Function Name:	`LocalFaceIndex`
Dimensions:	[Dimensionless]
Default units:	N/A
Type:	Scalar
Activated by:	Volume mesh models

Face Part Surface Index


Function Name:	`FacePartSurfaceIndex`
Dimensions:	[Dimensionless]
Default units:	N/A
Type:	Scalar
Activated by:

FaceProximity


Function Name:	`FaceProximity`
Dimensions:	[Dimensionless]
Default units:	N/A
Type:	Scalar
Activated by:

FaceQuality

Displays the face quality value on faces, where 1.0 is the highest quality and 0.0 is the lowest quality. Only available for surface meshes.

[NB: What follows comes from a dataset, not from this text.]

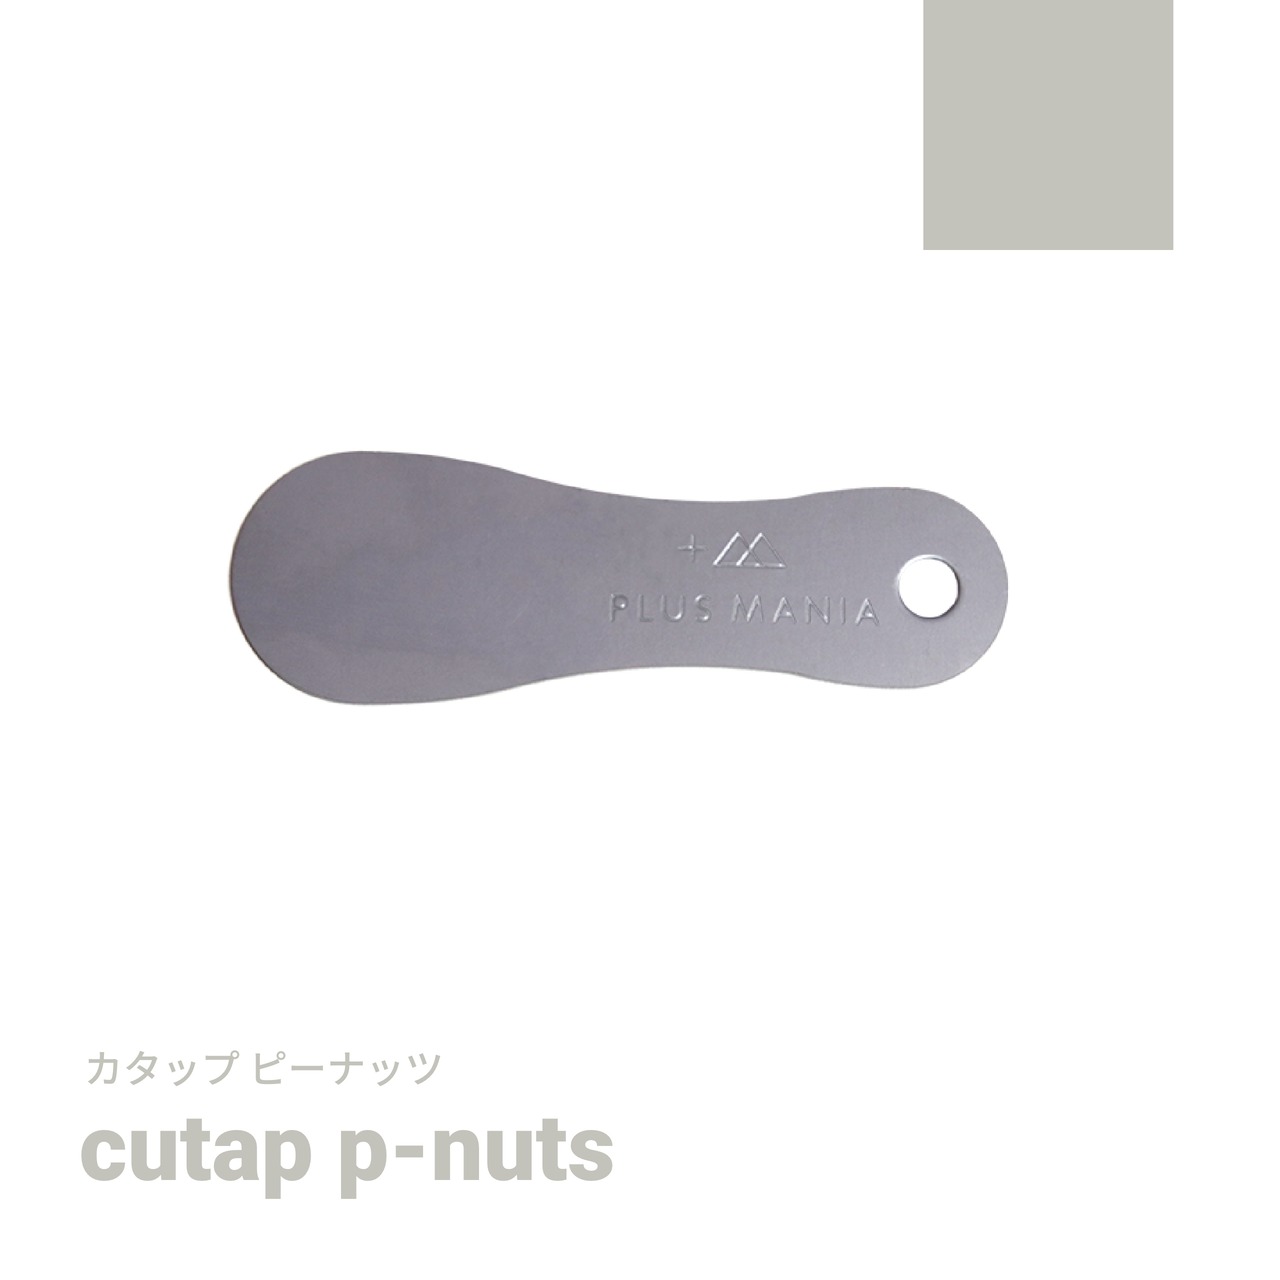 cutap p-nuts [カタップピーナッツ]

Function Name:	`FaceQuality`
Dimensions:	[Dimensionless]
Default units:	N/A
Type:	Scalar
Activated by:	Importing parts, using the surface remesher

Face Type

Face type displays the number of vertices per face. For example, a triangular face has a Face Type of 3 and a hexagonal face has a Face Type of 6.


Function Name:	`FaceType`
Dimensions:	[Dimensionless]
Default units:	N/A
Type:	Scalar
Activated by:	Volume mesh models

Face Validity

Face validity is an area-weighted measure of the correctness of the face normals relative to their attached cell centroid. In a good quality cell, the face normals point away from the cell centroid. In a cell with bad face validity, one or more face normals point towards the attached cell centroid. A face validity of 1.0 means that all face normals are correctly pointing away from the centroid. Values below 1.0 mean that some cell face normals point towards the centroid, indicating some form of concavity. Values of below 0.5 signify a negative volume cell.

See Mesh Quality: Face Validity.


Function Name:	`FaceValidity`
Dimensions:	[Dimensionless]
Default units:	N/A
Type:	Scalar
Activated by:	Volume mesh models

Fe Cell Quality Angle Skewness

This field function describes how narrow the narrowest angles of the cell are. The value ranges from 0 to 1; 0 is a bad cell. See Angle Skewness.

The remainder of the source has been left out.